3. Some pointless or unconscionable evil exists.

And the meta-definition of theodicy is as follows: ‘The invocation of an evaluative claim (or claims) that acts as a defeater for the evaluative claims made within the second or third propositions of the problem of evil.’

Given these definitions, then the combination of God’s existence, the inaccuracy of any theodicy currently given, and God’s sharing of our form of moral understanding, forces a contradiction that confirms God’s lack of ‘humanity’. This is because both of the evaluative claims within the second and third propositions of the meta-formulation of the problem of evil are moral responses which are products of precisely the form of moral understanding that God is said to participate in. And yet, the truth of these claims is inconsistent with the existence of God. Therefore, it cannot be the case both that these evaluative claims are true for God, and that God exists.

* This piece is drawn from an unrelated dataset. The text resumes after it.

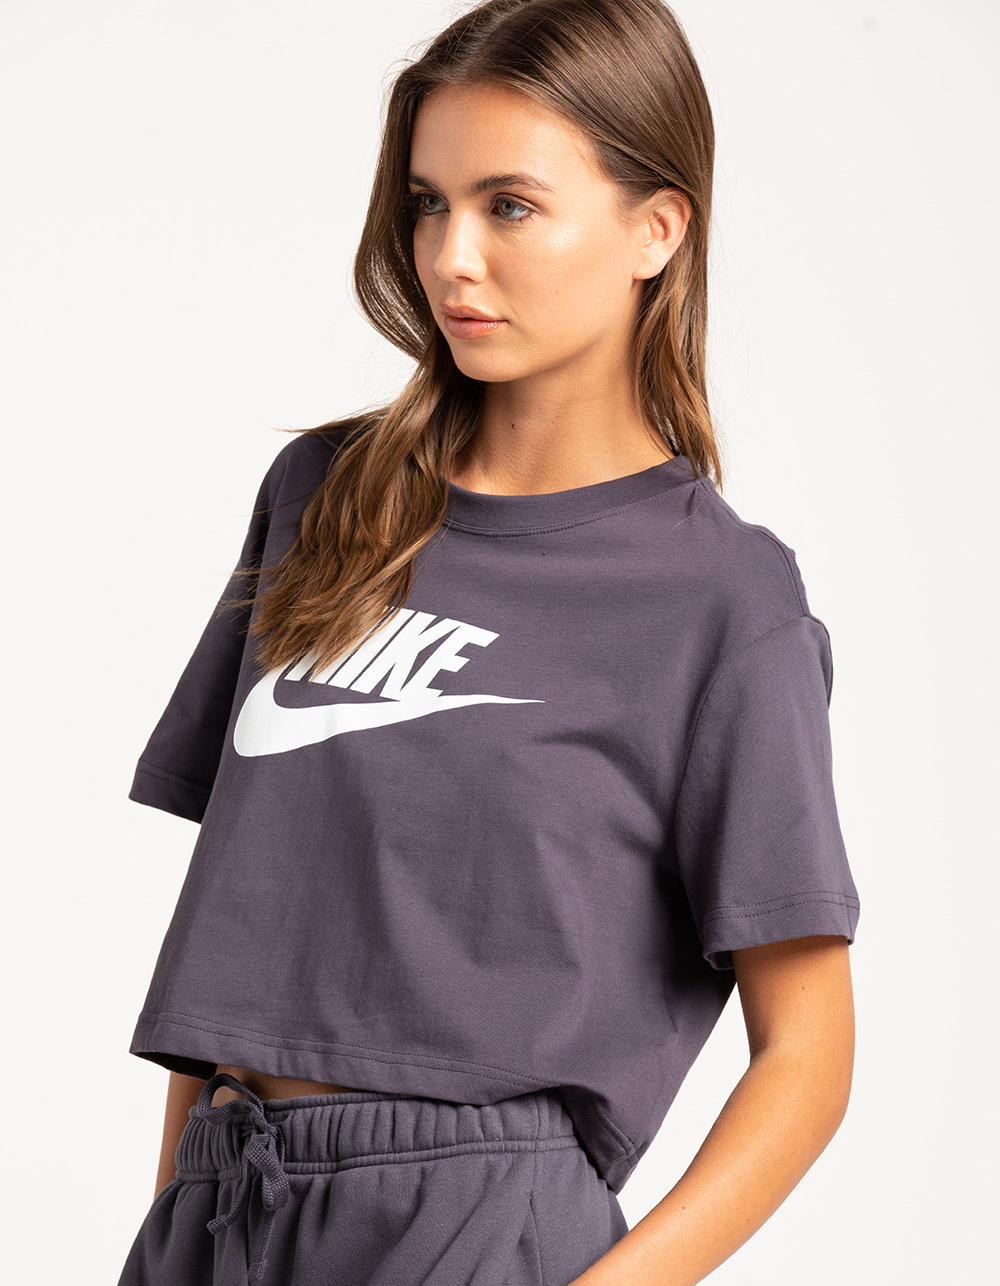 Nike / Women's Essential Futura Crop Top

The point can be put in different terms as follows: If God exists, then the first proposition in the problem of evil is true. (That much is tautologous.) The second and third propositions within the problem of evil are moral responses which are a product of our human form of moral understanding (which is in turn conditioned by our particular form of moral responsiveness). Therefore, to deny either the second or third proposition within the problem of evil is to reveal oneself to lack moral understanding (‘humanity’ in the peculiar meta-ethical sense of ‘A Common Humanity’) or else to lack moral responsiveness (‘humanity’ in the more ordinary sense of a dictionary definition). We stipulate in premise 2 in my dilemma that God’s ways are our ways, and therefore that He does not lack ‘A Common Humanity’ (remember, this can just be a placeholder for ‘our form of moral understanding’, our set of norms, metaethics, etc.). So now either we must say that God, in existing, and therefore implicitly denying one of the second or third propositions within the problem of evil, either lacks our form of moral understanding or our form of moral responsiveness. If we say that He lacks our form of moral understanding, then we have a contradiction within this premise - God’s ways both are and are not our ways; or, more accurately, ‘if the ways of the most high are our ways, then the ways of the most high are not our ways’ - and therefore one horn of the dilemma loses relevance, since it becomes either trivially true or necessarily false, depending on your view of logic. (Whatever your view of logic, this horn will at the very least not be doing the work that we want it to.) Alternatively, we say that God lacks the form of moral responsiveness identified as ‘humanity’, which confirms the truth of premise 2.

The interaction of God and the problem of evil confirms His lack of sufficient moral responsiveness, our form of moral responsiveness, His lack of ‘humanity’. In essence, the problem of evil contains some evaluative claims - e.g. that unconscionable evil exists - and the inconsistency between these claims and the existence of God shows that God disagrees with these evaluative claims (just as theists and theodicists are forced implicitly to disagree with those claims). These evaluative claims are, as I have argued earlier, a product of an appropriate moral responsiveness within the form of moral understanding that I have labelled (along with Raimond Gaita) ‘A Common Humanity’. To disagree with these ‘irreducible moral realities’ is to occupy a different form of moral understanding (an option that is ruled out by premise 2), or else display a lack of moral responsiveness. Premise 2 must operate with the latter of those options, and therefore if God’s ways are our ways, then He lacks appropriate moral responsiveness, He lacks ‘humanity’.

Clearly, this conclusion - ‘God lacks moral responsiveness’ - has an air of a contradiction about it when we consider that God is maximally-good. And the same would apply to the alternative - ‘God lacks moral understanding’ - were that alternative not caveated with ‘God lacks our form of moral understanding’. We can learn from that lesson in this case also, and caveat ‘God lacks moral responsiveness’ - which is the meaning of this sense of

‘God lacks humanity’ - with ‘God lacks our form of moral responsiveness’. This now sheds the air of contradiction, yet preserves the underlying point.